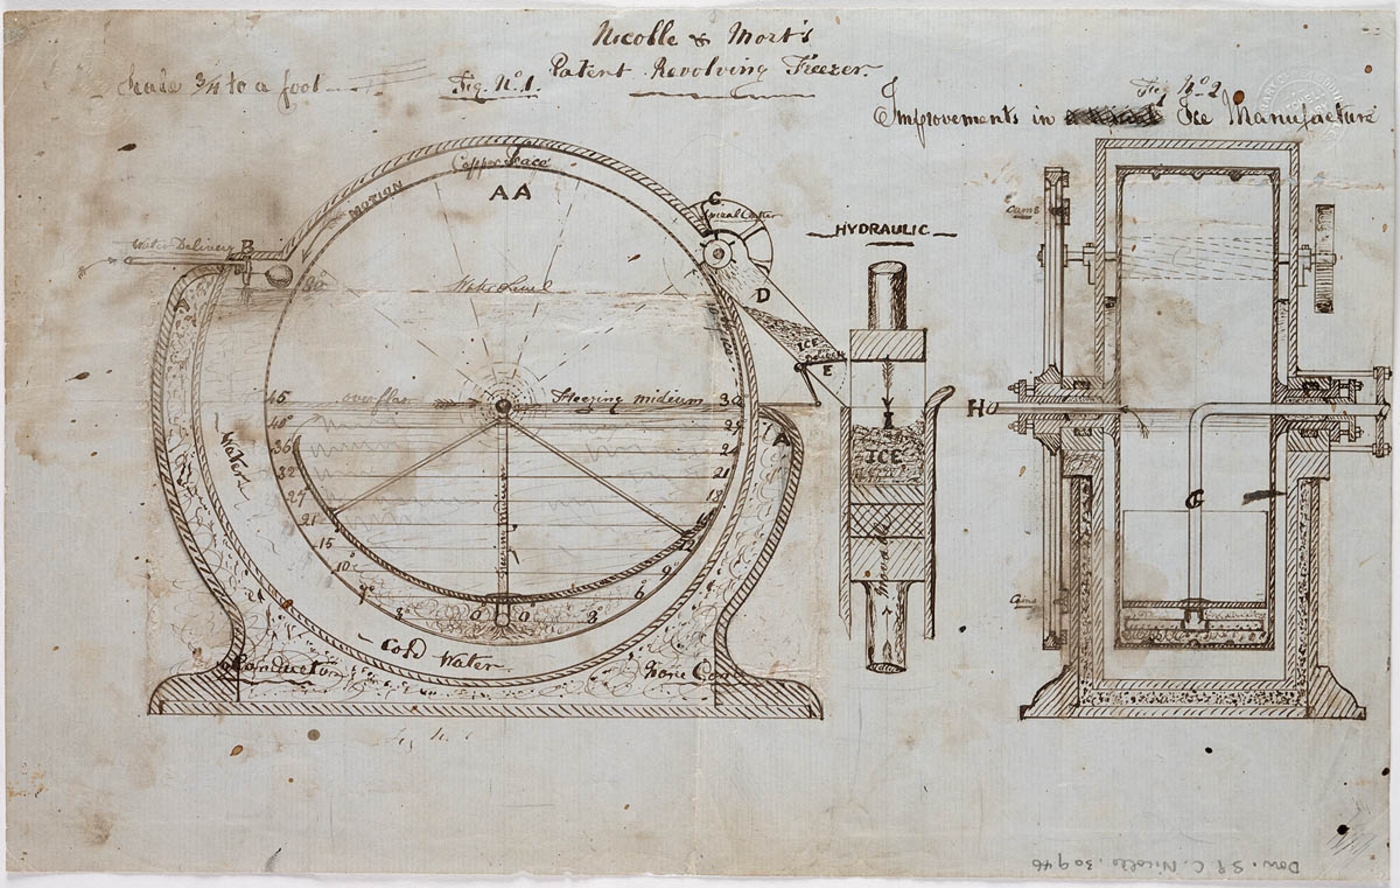 Design for an ice making machine, which worked on a chemical reaction to produce the freezing temperatures required.
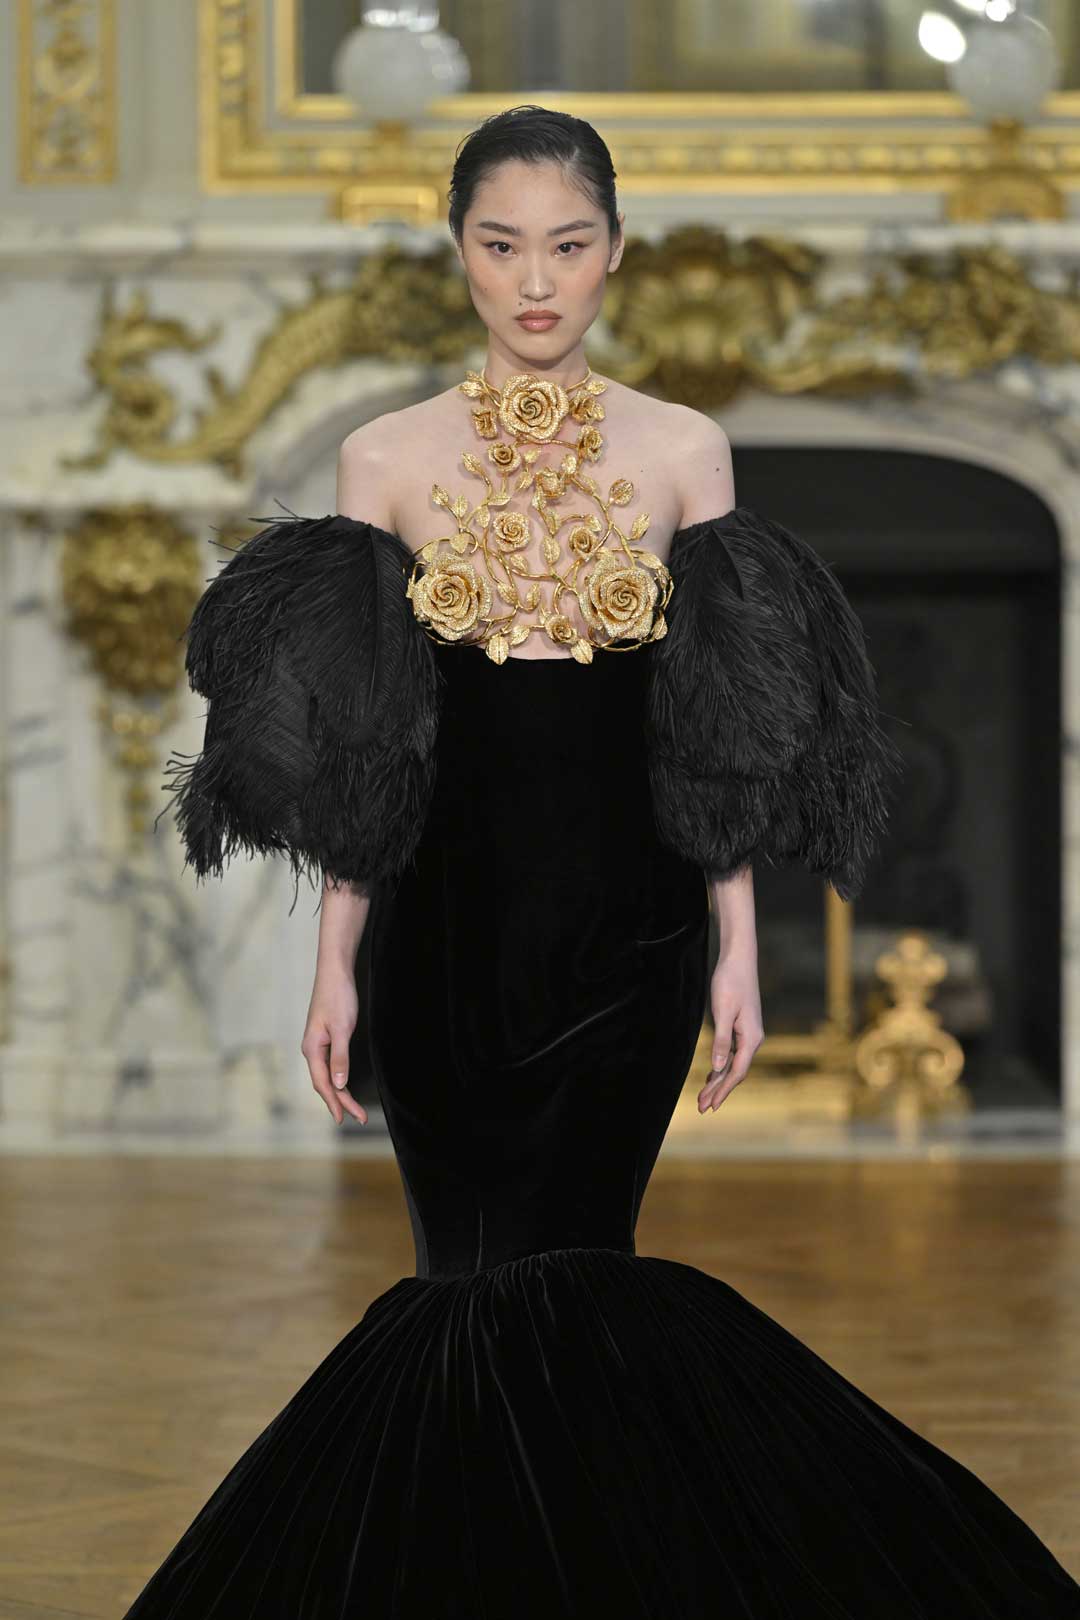 PARIS, FRANCE - JANUARY 22: (EDITORIAL USE ONLY - For Non-Editorial use please seek approval from Fashion House) A model walks the runway during the Tamara Ralph Haute Couture Spring/Summer 2024 show as part of Paris Fashion Week on January 22, 2024 in Paris, France. (Photo by Kristy Sparow/Getty Images)
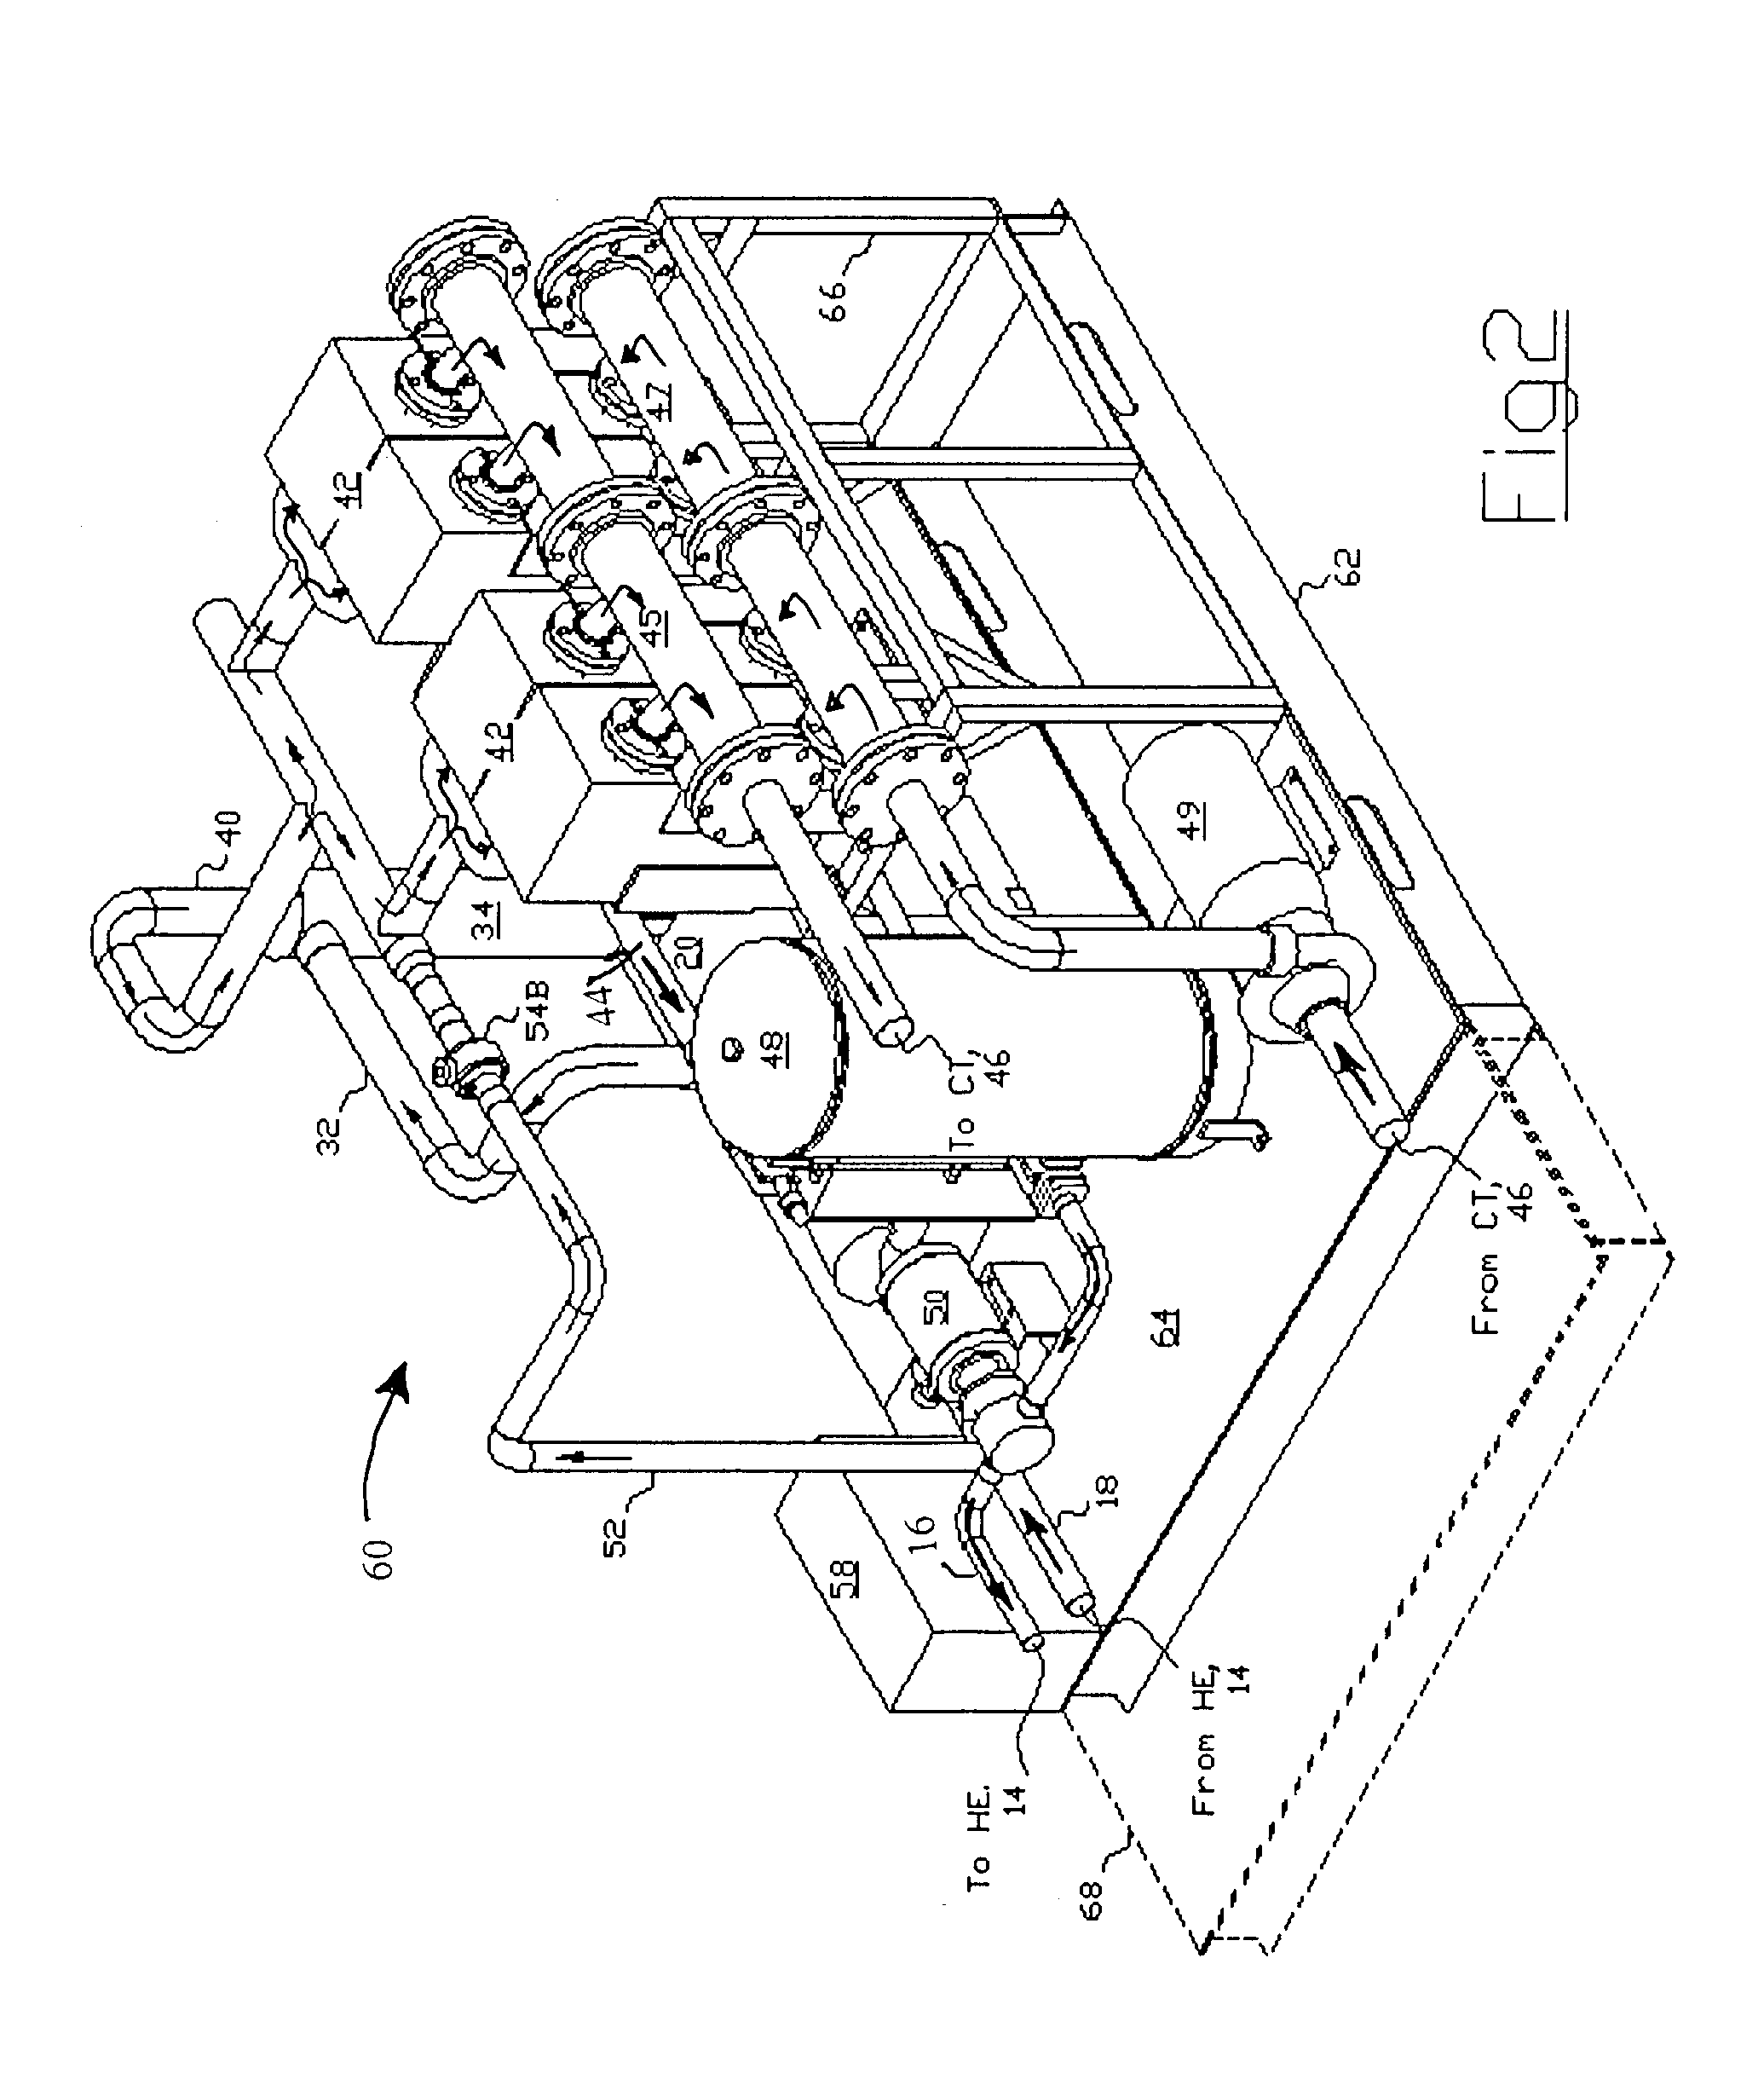 System and method for generation of electricity and power from waste heat and solar sources
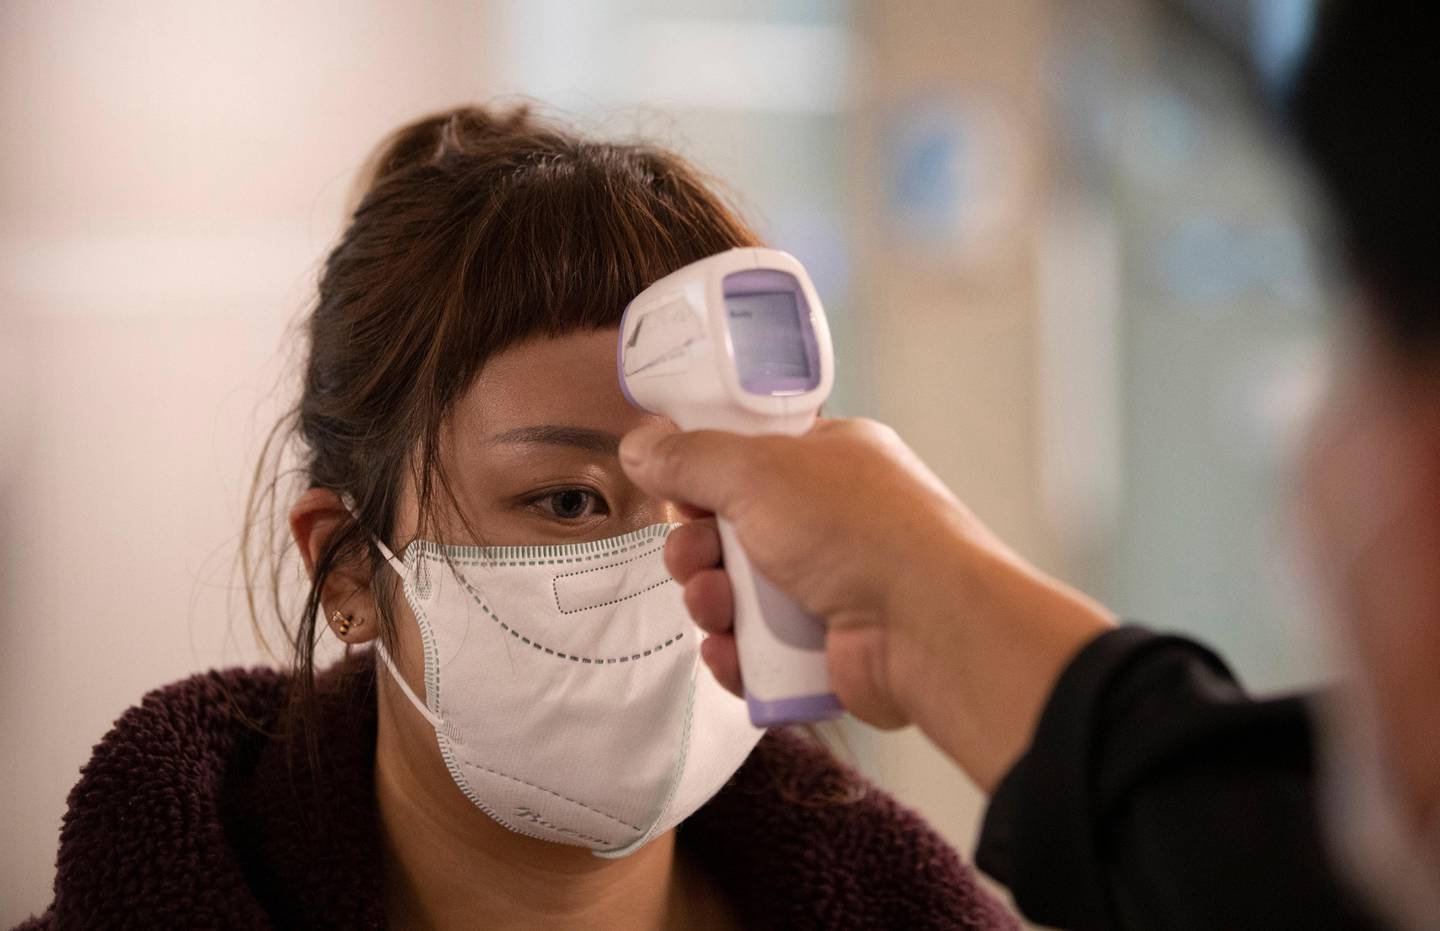 Health officials check tourists' temperatures on arrival in hopes of containing the spread of the COVID-19 virus at the Suvarnabhumi Airport in Bangkok, Thailand, Wednesday, March 4, 2020. (AP Photo/Sakchai Lalit)

**Exercise**.
Please write out all the data word for word, but keep every picture out.

**Answer for this exercise**.
 Design for an ice making machine, which worked on a chemical reaction to produce the freezing temperatures required.
 PARIS, FRANCE - JANUARY 22: (EDITORIAL USE ONLY - For Non-Editorial use please seek approval from Fashion House) A model walks the runway during the Tamara Ralph Haute Couture Spring/Summer 2024 show as part of Paris Fashion Week on January 22, 2024 in Paris, France. (Photo by Kristy Sparow/Getty Images)
 System and method for generation of electricity and power from waste heat and solar sources
 Health officials check tourists' temperatures on arrival in hopes of containing the spread of the COVID-19 virus at the Suvarnabhumi Airport in Bangkok, Thailand, Wednesday, March 4, 2020. (AP Photo/Sakchai Lalit)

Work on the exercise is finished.